La décision du 18 juin 2010 no 2010-8 QPC, promettait une révolution dans l’indemnisation des victimes d’une faute inexcusable.
Le contexte était le suivant :
L’article L 452-3 du Code de la sécurité sociale prévoit que la victime a le droit de demander à l’employeur devant la juridiction de sécurité sociale la réparation du préjudice causé par « les souffrances physiques et morales par elle endurées, de ses préjudices esthétiques et d’agrément ainsi que celle du préjudice résultant de la perte ou de la diminution de ses possibilités de promotion professionnelle » cette liste étant limitative.

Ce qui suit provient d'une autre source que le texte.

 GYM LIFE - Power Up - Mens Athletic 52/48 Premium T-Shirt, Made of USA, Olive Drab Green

Or, à l’occasion d’une question prioritaire de constitutionnalité qui lui a été posée concernant la réparation des accidents du travail, le Conseil constitutionnel dans le considérant 18 de sa décision a émis une réserve d’interprétation sur le caractère limitatif de la liste des préjudices dont la victime d’un accident du travail peut demander la réparation à l’employeur en cas de faute inexcusable de sa part.
Désormais, selon le Conseil constitutionnel, la victime d’un accident du travail dû à la faute inexcusable de l’employeur pourrait demander en justice réparation de l’ensemble des dommages « non couverts par le livre IV du Code de la sécurité sociale ».

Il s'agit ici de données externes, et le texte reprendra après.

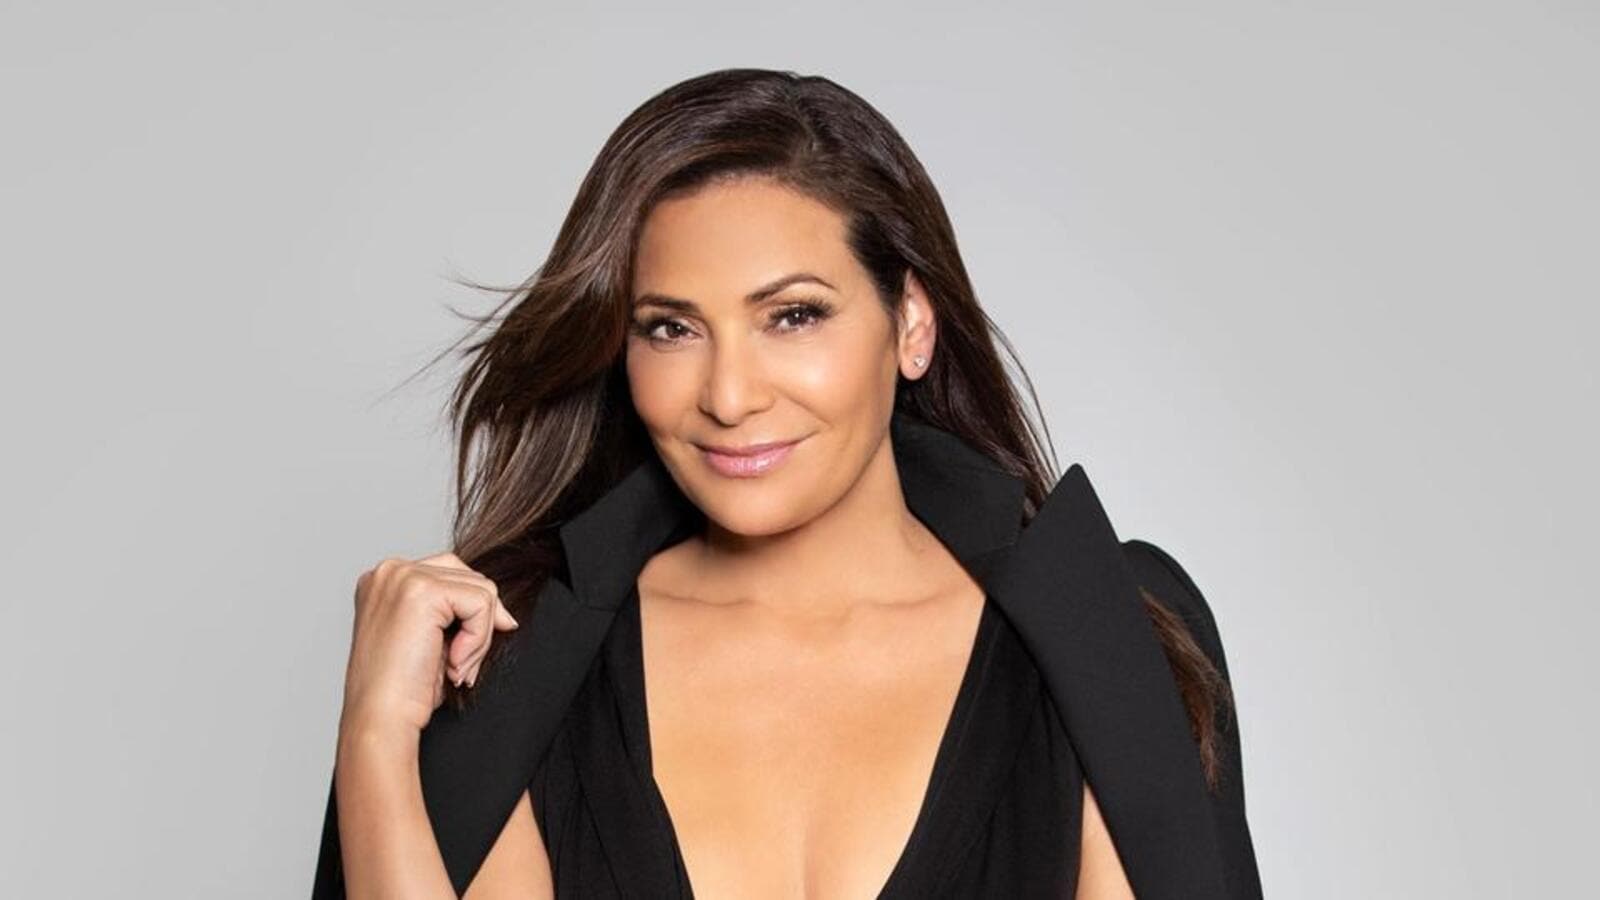 Constance Marie: Back in the day, things were worse for females in the industry

Au plan des conséquences, des ouvrages autorisés indiquent à l’heure de ce billet, en se fondant sur cette décision, que la victime pourrait ainsi obtenir la réparation des préjudices personnels non énumérés à l’article L 452-3 du Code de la Sécurité Sociale et notamment du plus gros poste de préjudice à savoir le déficit fonctionnel permanent (voire même le déficit fonctionnel temporaire) dont l’évaluation se ferait sur la base du Rapport DINTILHAC transposé dans les Référentiels d’Indemnisation du Dommage Corporel applicables devant les Cours d’Appel.
C’est occulter la nuance -de taille- posée par le Conseil constitutionnel qui fait référence aux dommages « non couverts par le livre IV du Code de la sécurité sociale » c’est-à-dire le régime d’indemnisation des accidents du travail.
Or, dès avant la décision du Conseil Constitutionnel, la Cour de cassation avait progressivement inclus l’indemnisation du déficit fonctionnel permanent dans la rente versée à la victime.
Ceci, au terme d’une lente évolution jurisprudentielle qui a débuté par deux avis du 29 octobre 2007 (n°0070015p et 0070016P) rendus au sujet du recours subrogatoire de la Caisse sur le fondement de l’article 25 de la Loi du 21 décembre 2006.
Au terme de cette évolution, dans plusieurs arrêts de la deuxième chambre civile du 11 juin 2009 (n°08-17.581,07-21768,08-11.953 et 07-21816) confirmés depuis, la Cour de cassation considère que « la rente accident du travail indemnise d’une part les pertes de gains professionnels et l’incidence professionnelle de l’incapacité, d’autre part le déficit fonctionnel permanent ».
De même, concernant l’imputation du déficit fonctionnel temporaire sur une rente invalidité ( Cass 2ème civ 19 novembre 2009 n°08-18.019).
Deux arrêts rendus par la Cour d’Appel de BORDEAUX le 1er et le 8 septembre 2011 (RG 10 /06142 et 09/02356 ) dans la lignée de la jurisprudence de la Cour de cassation rappellent ainsi que « la rente versée à la victime d’un accident du travail indemnise d’une part, les pertes de gains professionnels et l’incidence professionnelle de l’incapacité, et d’autre part, le déficit fonctionnel permanent ».
La Cour d’Appel de BORDEAUX dans le second arrêt rejette ainsi une demande d’expertise complémentaire pour déterminer les préjudices résultant du déficit fonctionnel temporaire total, du déficit fonctionnel temporaire partiel et du déficit fonctionnel permanent.
La révolution annoncée doit par conséquent être nuancée.
L’ indemnisation résiduelle du déficit fonctionnel permanent pourrait être envisagée sur des taux d’IPP importants dans la mesure où la rente est absorbée par la perte de gains.
Pour le reste, la décision du Conseil Constitutionnel conserve son importance concernant les préjudices patrimoniaux autres que ceux engendrés par la perte d’un gain (ex. : frais d’adaptation du logement ou du véhicule au handicap) qui de leur côté donnent lieu à réparation comme vient de le rappeler la Cour de cassation (Cass 2ème civ 30 juin 2011 n°10-19.475).